INFORMATION SHOWN —
******

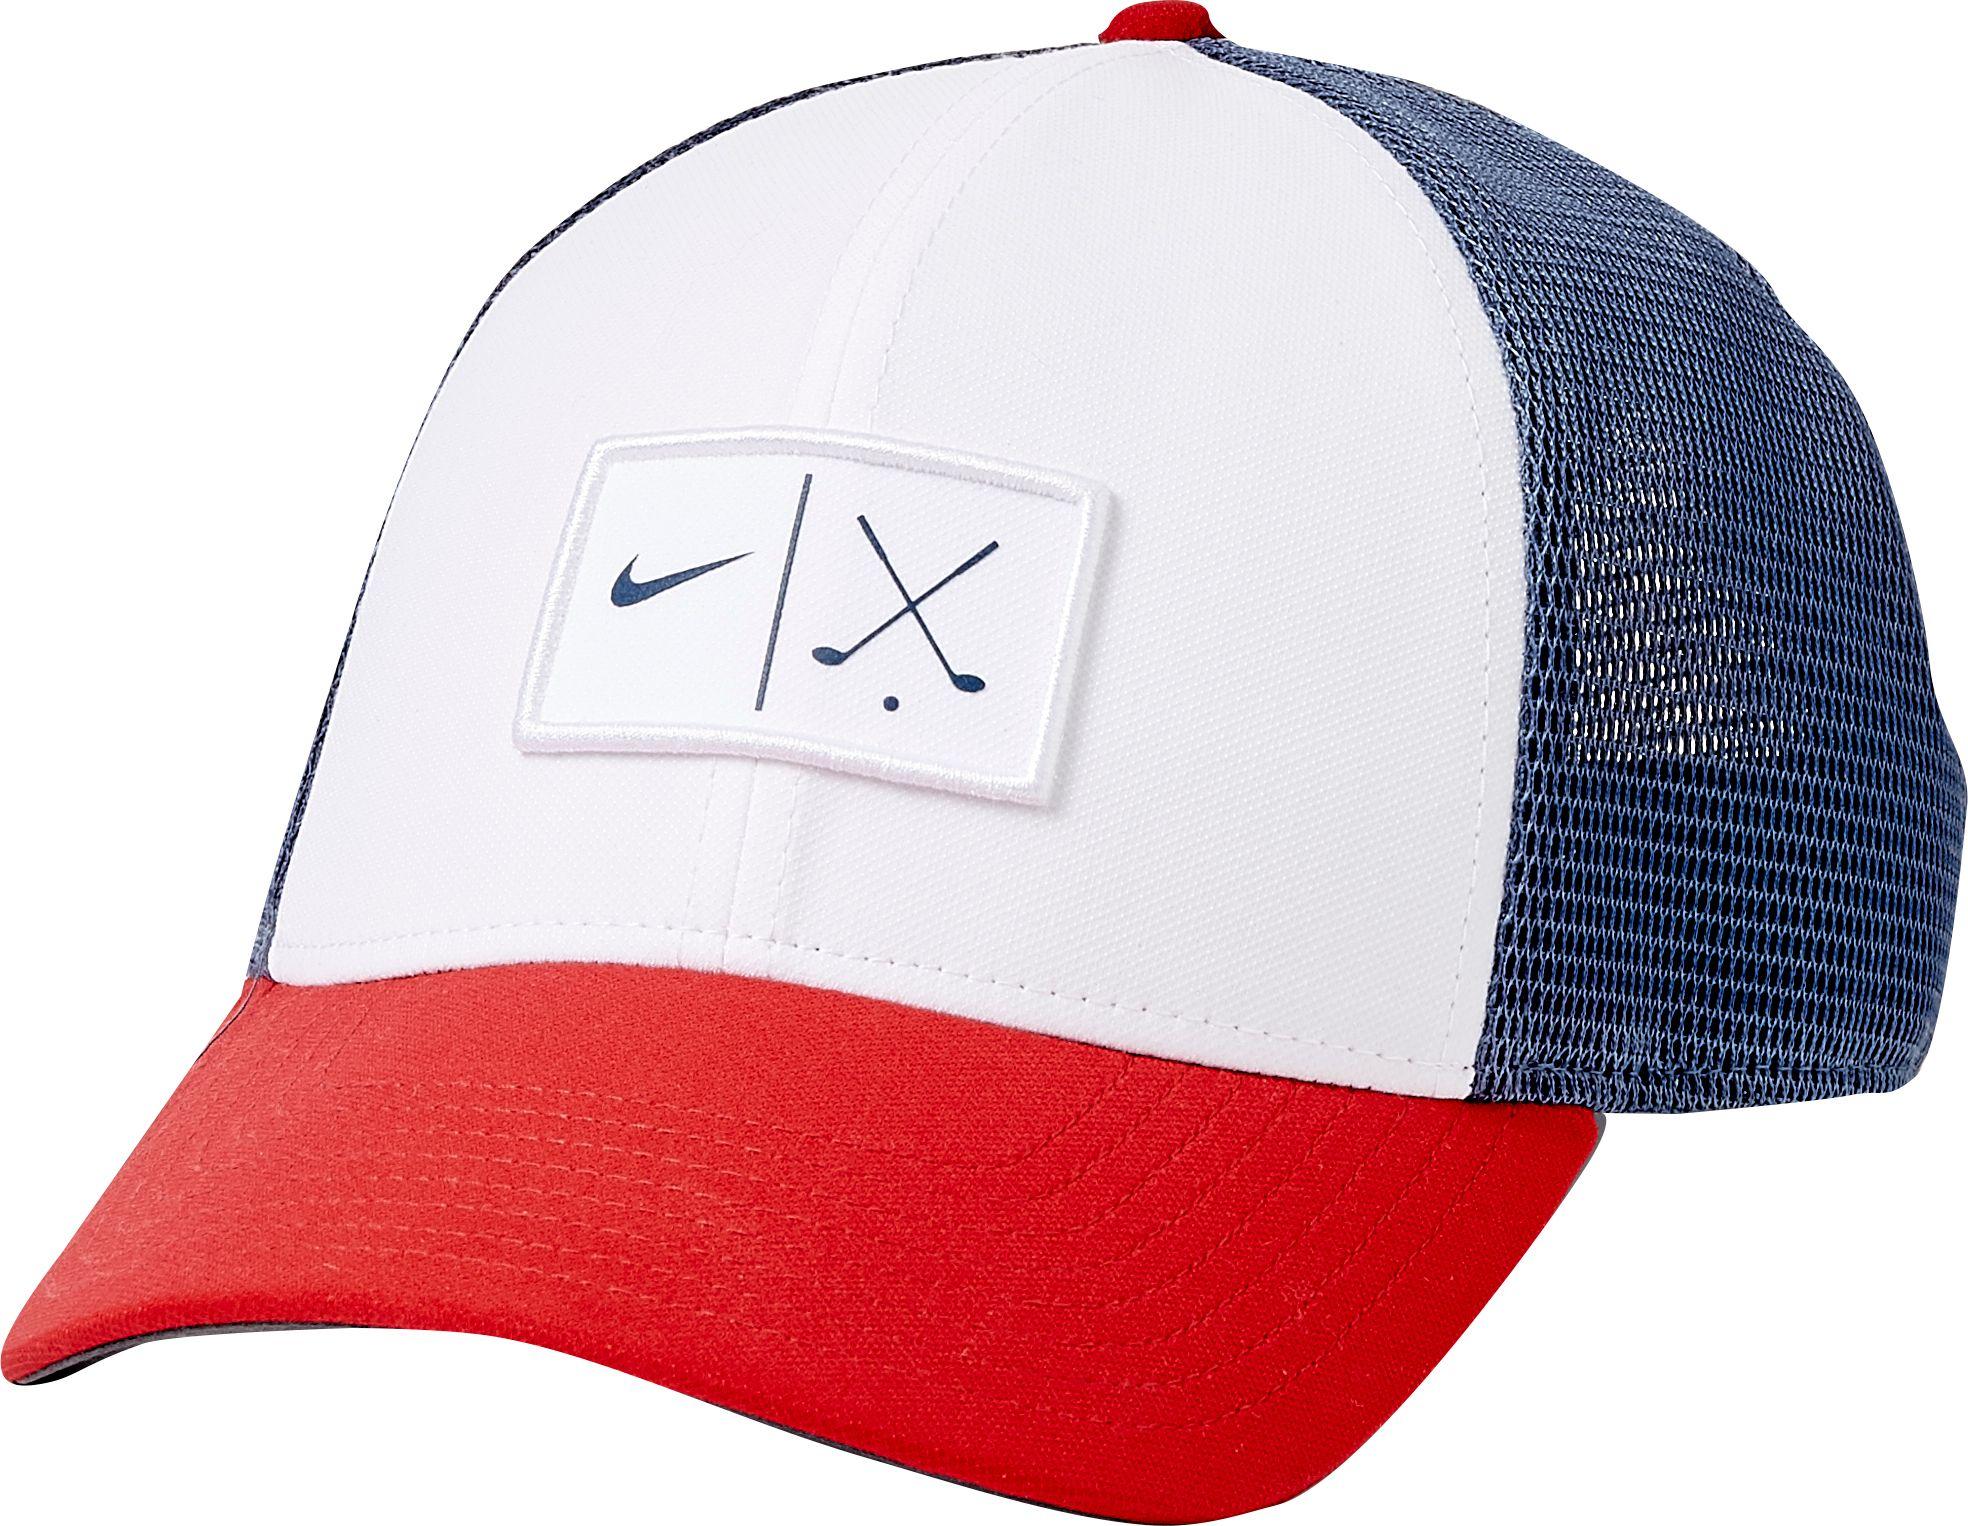 178c4fde4 Nike Men's Mesh Golf Hat | DICK'S Sporting GoodsProposition 65 ...
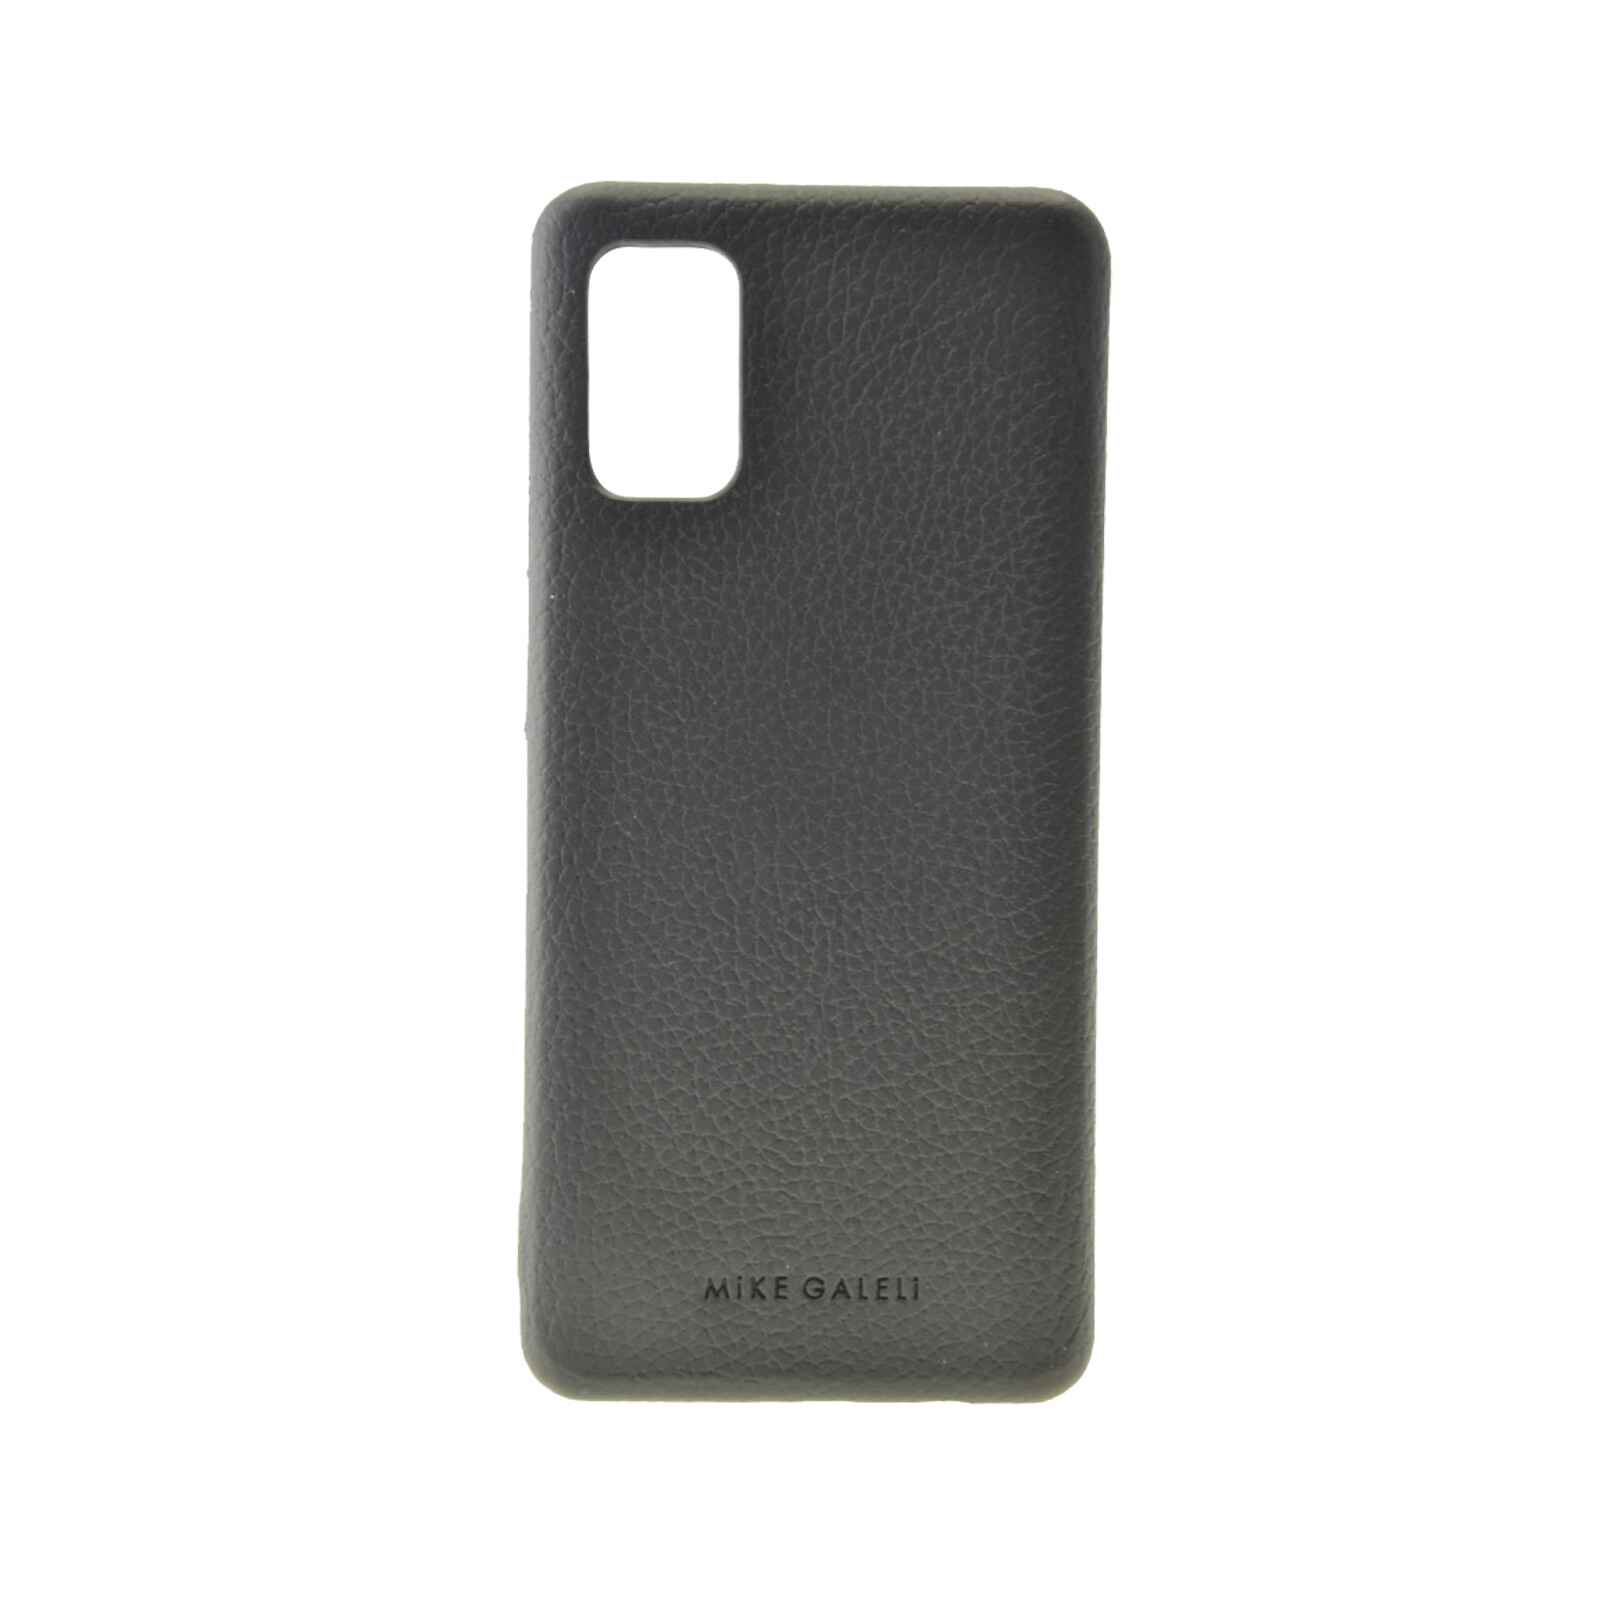 Galeli Backcover FINN Samsung Galaxy S20 Ultra schwarz
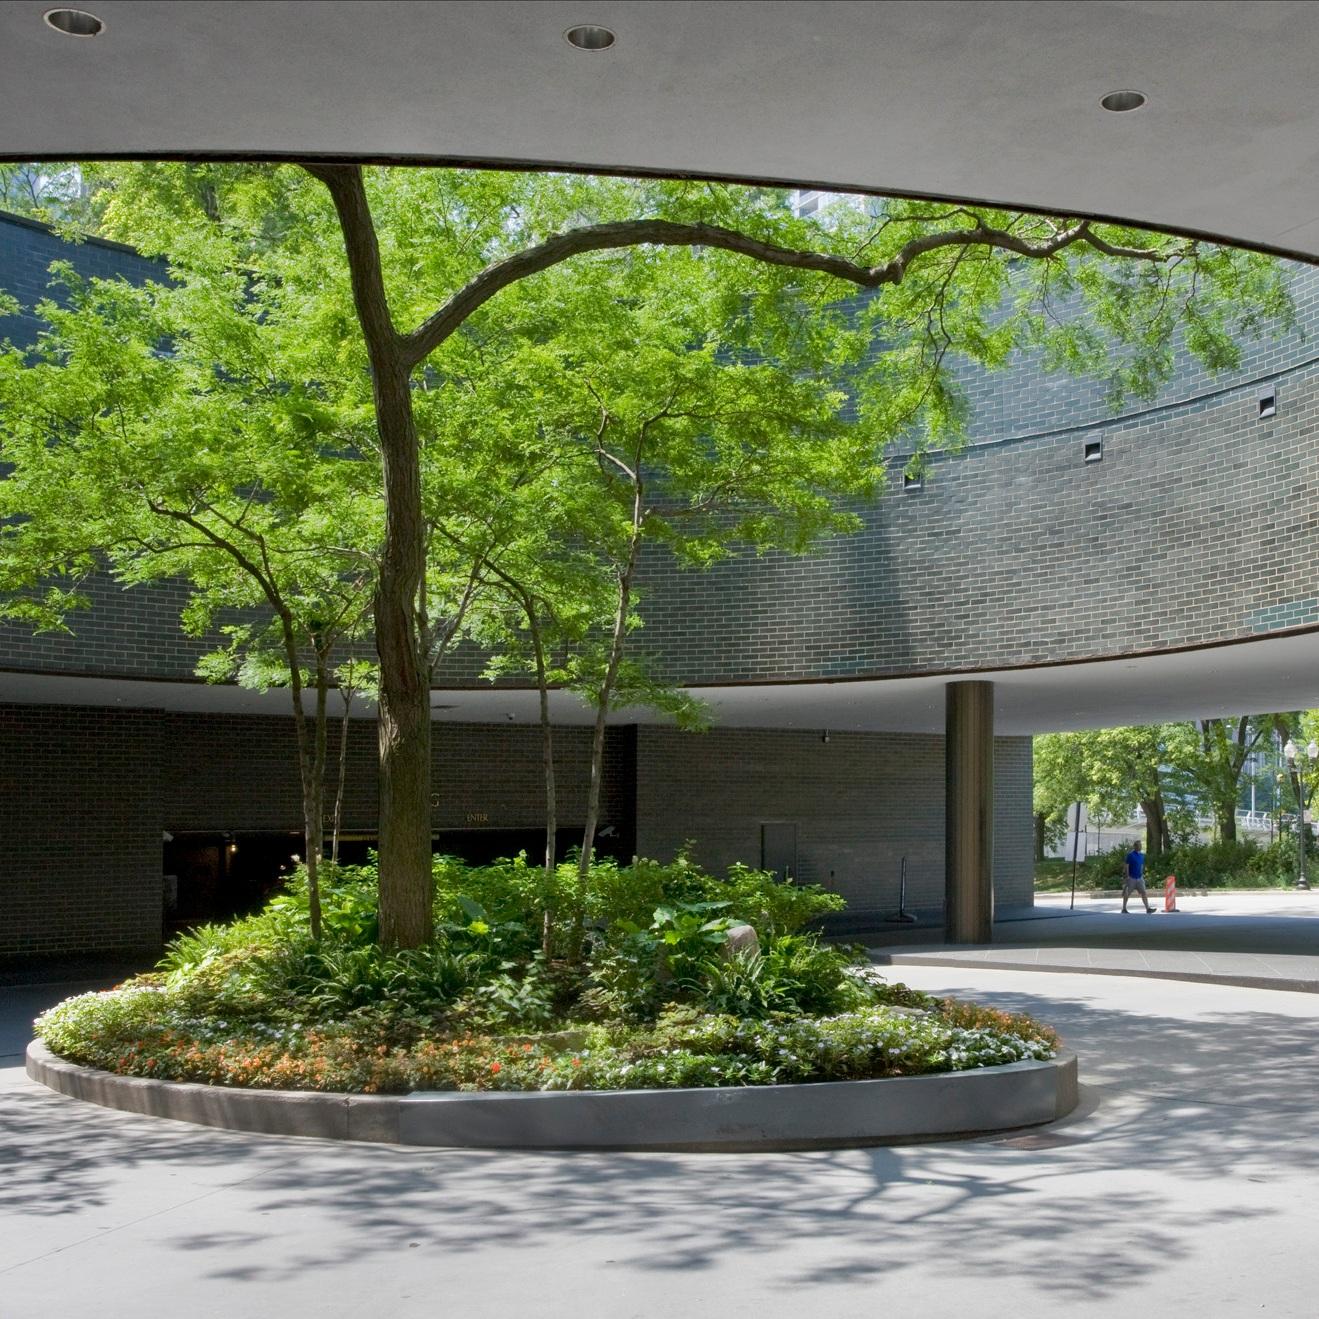 LAKE POINT TOWER  Landscape Enhancements + Maintenance  Chicago, Illinois

******

PROBLEM DETAILS —
Output the full material above exactly, leaving every picture out.

RESPONSE TO THE TASK —
 178c4fde4 Nike Men's Mesh Golf Hat | DICK'S Sporting GoodsProposition 65 ...
 Galeli Backcover FINN Samsung Galaxy S20 Ultra schwarz
 LAKE POINT TOWER  Landscape Enhancements + Maintenance  Chicago, Illinois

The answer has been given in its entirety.